On comprend donc qu'apparaissent dans le catalogue des solutions, des options de rupture radicale, de retour à l'autarcie des nations, ou de l'Europe toujours unie, mais tournant en bloc le dos à l'économie mondiale. Soit sous la forme d'un retour au communisme, fantasme des peuples qui ne l'ont pas connu et qui ne sont pas vaccinés, soit sous celle de l'angélisme bucolique des écologistes, une régression bien protégée conduisant les habitants de l'Europe à réduire massivement leur niveau de vie, en tournant le dos au modèle de l'économie productiviste, abreuvée par la technologie.

Chaque solution rompant avec le capitalisme a sa logique, mais bute sur la manière de convaincre des peuples qui ont pris les très mauvaises habitudes de la liberté, de l'individualisme, de la démocratie sous toutes ses formes, qui font qu'il n'y a pas, en vue, de solution qui ne soit précaire et révocable. Allez dire à des français, pour prendre l'exemple qui m'est le plus familier, qu'ils devront cesser de partir en vacances, d'aller à la chasse ou à la pêche, de manger de la viande et du poisson plus d'une fois par semaine, de ne se chauffer en hiver qu'avec leur doudoune*, de ne circuler qu'en transports en commun, en restant bien sages sous l'oeil sévère du conducteur et de ses aides.Il faudrait bien plus que cinq ans** pour réduire significativement les inégalités et faire oublier l'abondance et la liberté perdue.

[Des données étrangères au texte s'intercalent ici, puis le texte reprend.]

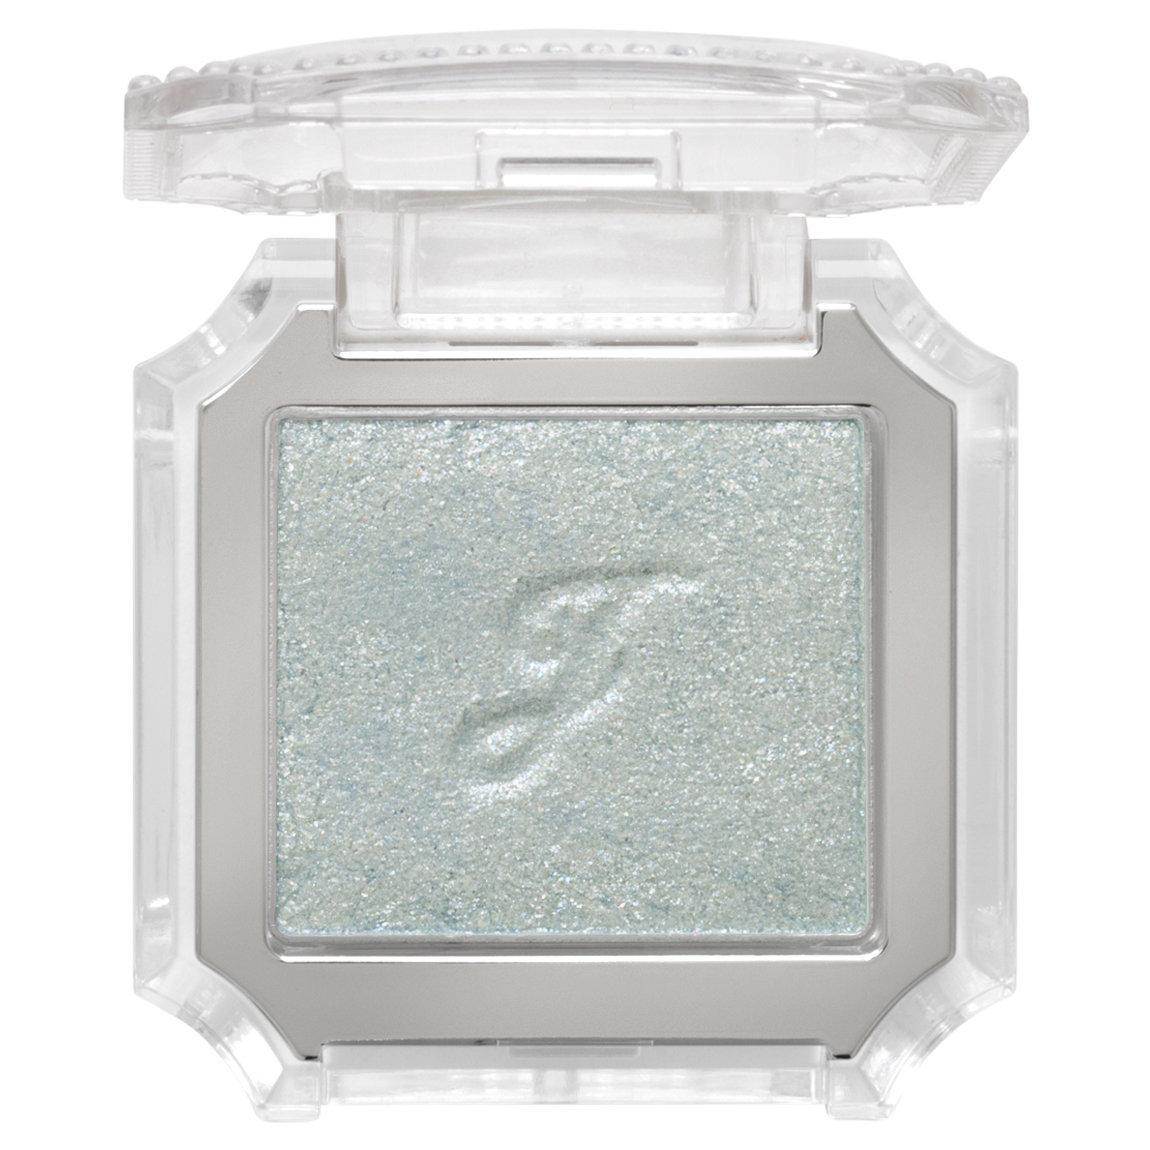 JILL STUART Beauty Iconic Look Eyeshadow G302 Glitter alternative view 1 - product swatch.

Il faudrait bien mettre au pas les récalcitrants et les grognons! Et les empêcher de quitter le paradis pour aller gémir et en dire du mal à ceux qui vivraient encore dans le stupre capitaliste! Comment réussir cette gageure sans barbelés, sans miradors et sans "vopos"?

Sceptique

*Il est vrai que dans la futurologie écologique, l'hiver devait disparaître par la faute des hommes et que cette question du chauffage se réglerait d'elle-même, mais il y a des couacs du côté de la météo.

**Nos législatures ne disposent que de cinq ans avant d'avoir à rendre compte de leur bilan. Et l'envie de leur tordre le cou n'attend même pas ce délai pour être criée.

Note du 6 Mai 2010: Les trois morts d'Athènes, qui ne sont pas tombés sous les balles de la police, sont le résultat de cette haine cultivée par les extrémistes, qui seraient incapables de démontrer qu'ils ont été d'abord les victimes...de leurs victimes. Il s'agit d'une haine purement fantasmatique, qui déshonore ceux qui la soufflent ou qui l'attisent, comme s'en est vanté Razzy Hammadi, personnalité socialiste interrogée par Michel Field. Il faut espérer qu'un bon nombre de ces assassins potentiels ont conservé assez de raison et de morale pour prendre la mesure de la sottise à laquelle ils se sont ralliés, et qu'ils s'en détourneront.